Here, we will briefly review some of what is known about age-related changes to innate immunity in experimental models and in humans, and to adaptive immunity in higher animals, most particularly humans. It may be instructive to consider examples of invertebrates, which possess solely humoural innate defences (selecting C. elegans as the best, albeit still very superficially, investigated), then invertebrates with both cellular and humoural innate immunity (mostly Drosophila) and finally vertebrates possessing both innate and adaptive immunity (focussing on humans, except where reference must be made to another well-studied species: the mouse).

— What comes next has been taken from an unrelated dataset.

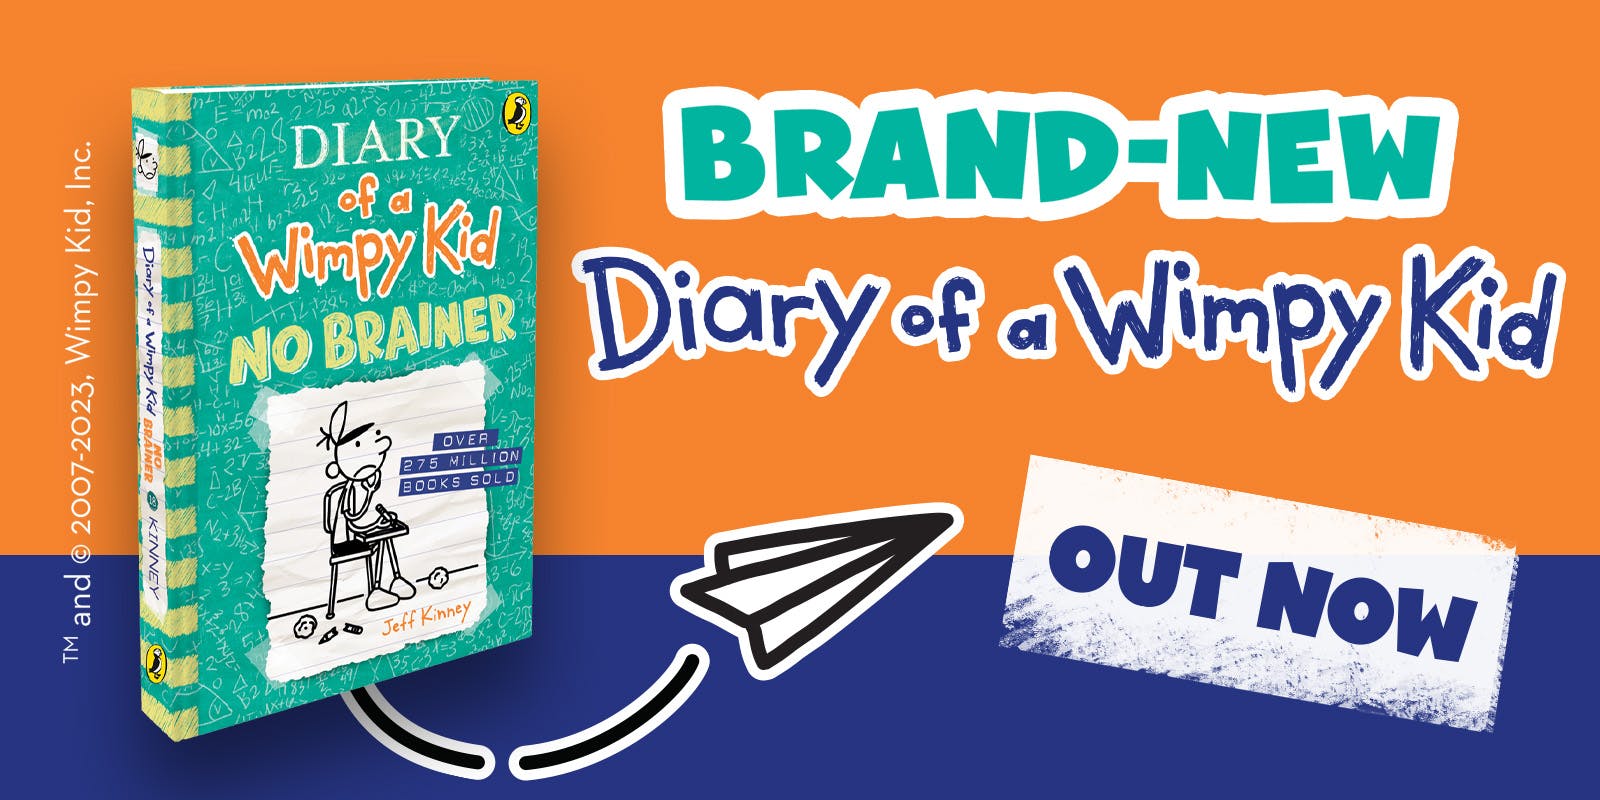 Diary of a Wimpy Kid: No Brainer (Book 18) by Jeff Kinney

Despite the relative wealth of knowledge on insect immunity, surprisingly little is known about age-related changes to immune competence. Levels of anti-microbial peptides increase with age, and this has been associated with a decrease in fecundity  but not lifespan . However, linking ageing with oxidative stress, gene transcription studies suggested that similar patterns of gene expression changes were induced in young flies exposed to oxidative stress as in old flies not otherwise stressed ; many of the genes upregulated with age were related to immune function . More recently, infection models have suggested that old flies have more trouble clearing bacterial infections due to altered expression of genes involved in energy metabolism and insulin signalling . One mechanism for this may be the decreased phagocytic activity of haemocytes in older flies . However, there appears to be a great deal of heterogeneity between different populations of Drosophila, with age affecting immunity negatively but also positively in some lines . Thus, much remains to be learned in this relatively unexplored area of comparative immunogerontology.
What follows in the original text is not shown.